Синяка коснулся ладонью лица женщины. Она тихо дышала,
бессильно прижавшись щекой к широкой великаньей груди. Черные
круги, нарисованные углем, резко выделялись на ее бледной коже,
светлые волосы, осыпанные золой, оставляли серые пятна на
черном плаще. Но это была Асантао - все еще не расставшаяся со
зловещим ритуальным обликом, однако уже свободная от
вселявшейся в нее богини. Ни волоска не обгорело на ее голове, ни
лоскутка одежды не тронуло пламя. Она прошла сквозь костер,
оставив там Смерть, и вышла в ночь маленькой колдуньей
маленького болотного народа.
- Где ты нашел ее, Пузан? - шепотом спросил Синяка.
- Да вот... господин Синяка, они ведь без чувств, -
многозначительно сказал Пузан.
- Вижу, - нетерпеливо оборвал его чародей.
Великан жалостливо дернул носом.
- Господин Синяка, я это... если вы в немилостивом
расположении, то не осмелюсь... но вот они без чувств и
совершенно непонятно... Они шли к себе домой, а их шатало, точно
они набрались, как эта винная бочка, Торфинн, чтобы ему и на том
свете... И дрожали они изрядно.
- Кто "они"?
- Госпожа Асантао. Они потом упали, я их поймал, конечно, и
вот теперь не знаю, чего делать. Они спят, я их держу.
Великан шумно вздохнул, отвернув лицо от спящей Асантао,
чтобы не потревожить ее.
- А там пируют, - добавил он дрогнувшим голосом.
- Иди пируй, - сказал ему Синяка. - Давай мне ее и иди.
Великан засуетился. Синяка снял с себя плащ, сел на пороге и
принял Асантао из рук великана. Она сильно вздрогнула во сне.
- Вот, под голову, значит, подложить, - бормотал великан. - И
холодно тут... Вы уж закутайте ее, как следует... И сами тоже...
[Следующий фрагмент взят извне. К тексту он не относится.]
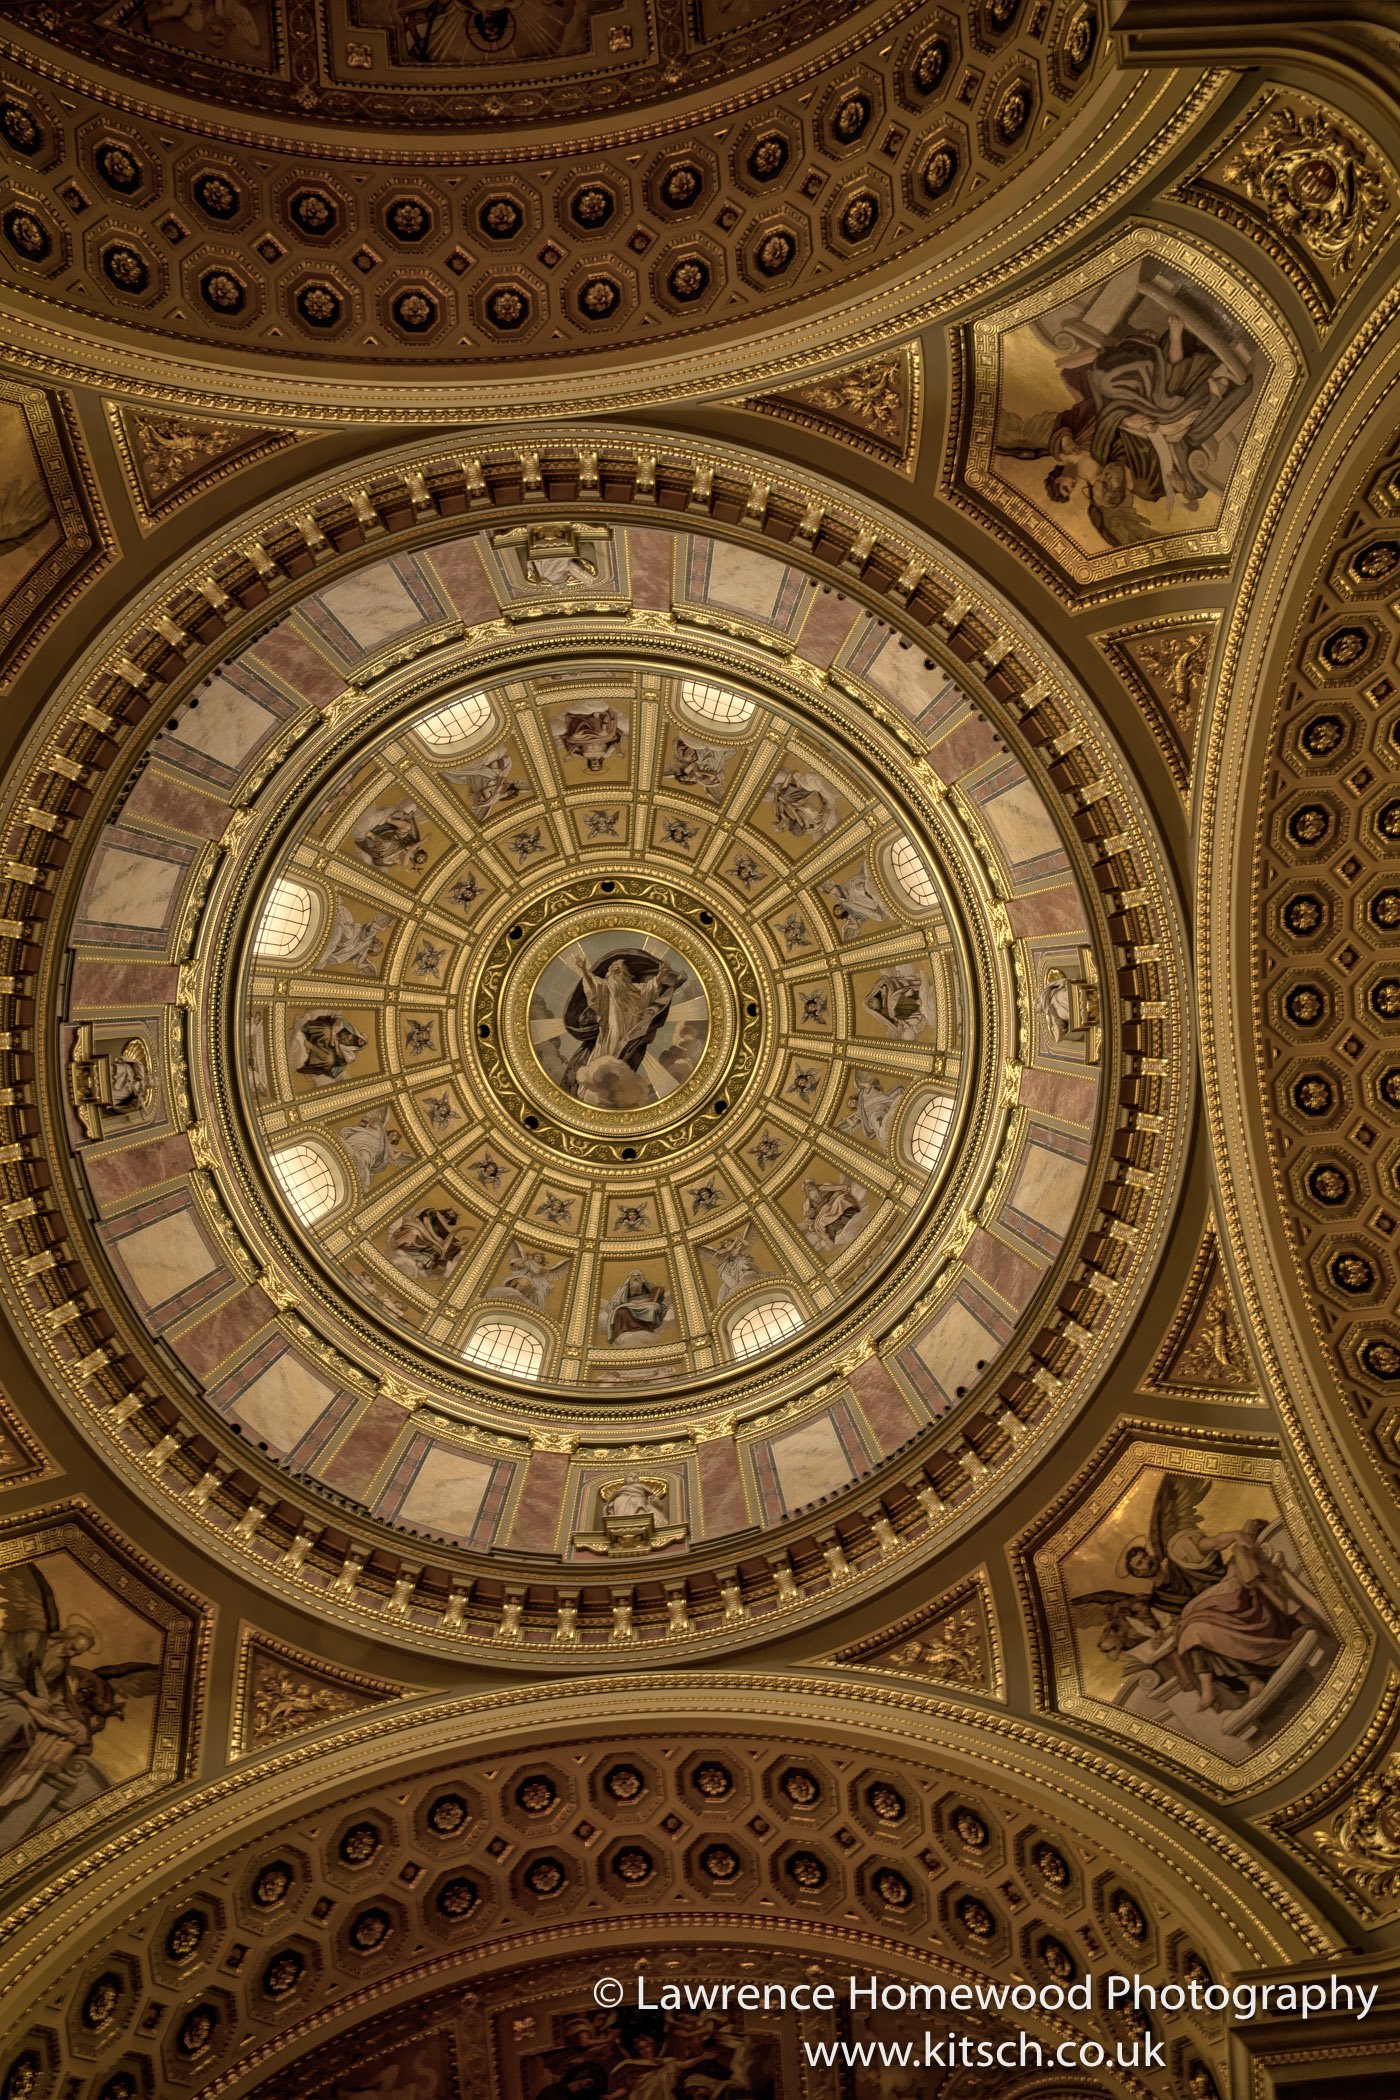 St Stephen's Basilica Ceiling

Он потоптался немного и побрел прочь от крыльца на запах
съестного.
Синяка отер краем плаща уголь с усталого лица колдуньи,
пригладил ее волосы. Потом тихонько свистнул саламандре.
Огненный дух приподнял голову как бы в недоумении. Свист
повторился. Саламандра пришла к выводу, что господин Синяка
просто насвистывает ради своего удовольствия, и с облегчением
снова растянулась на ступеньках.
- Слушай ты, ленивая тварь...
Теперь господин Синяка заговорил. Но не саламандру же, в
самом деле, он называет "ленивой тварью"? Ящерка не
шелохнулась.
Синяка осторожно вытянул ногу и потыкал в нее носком.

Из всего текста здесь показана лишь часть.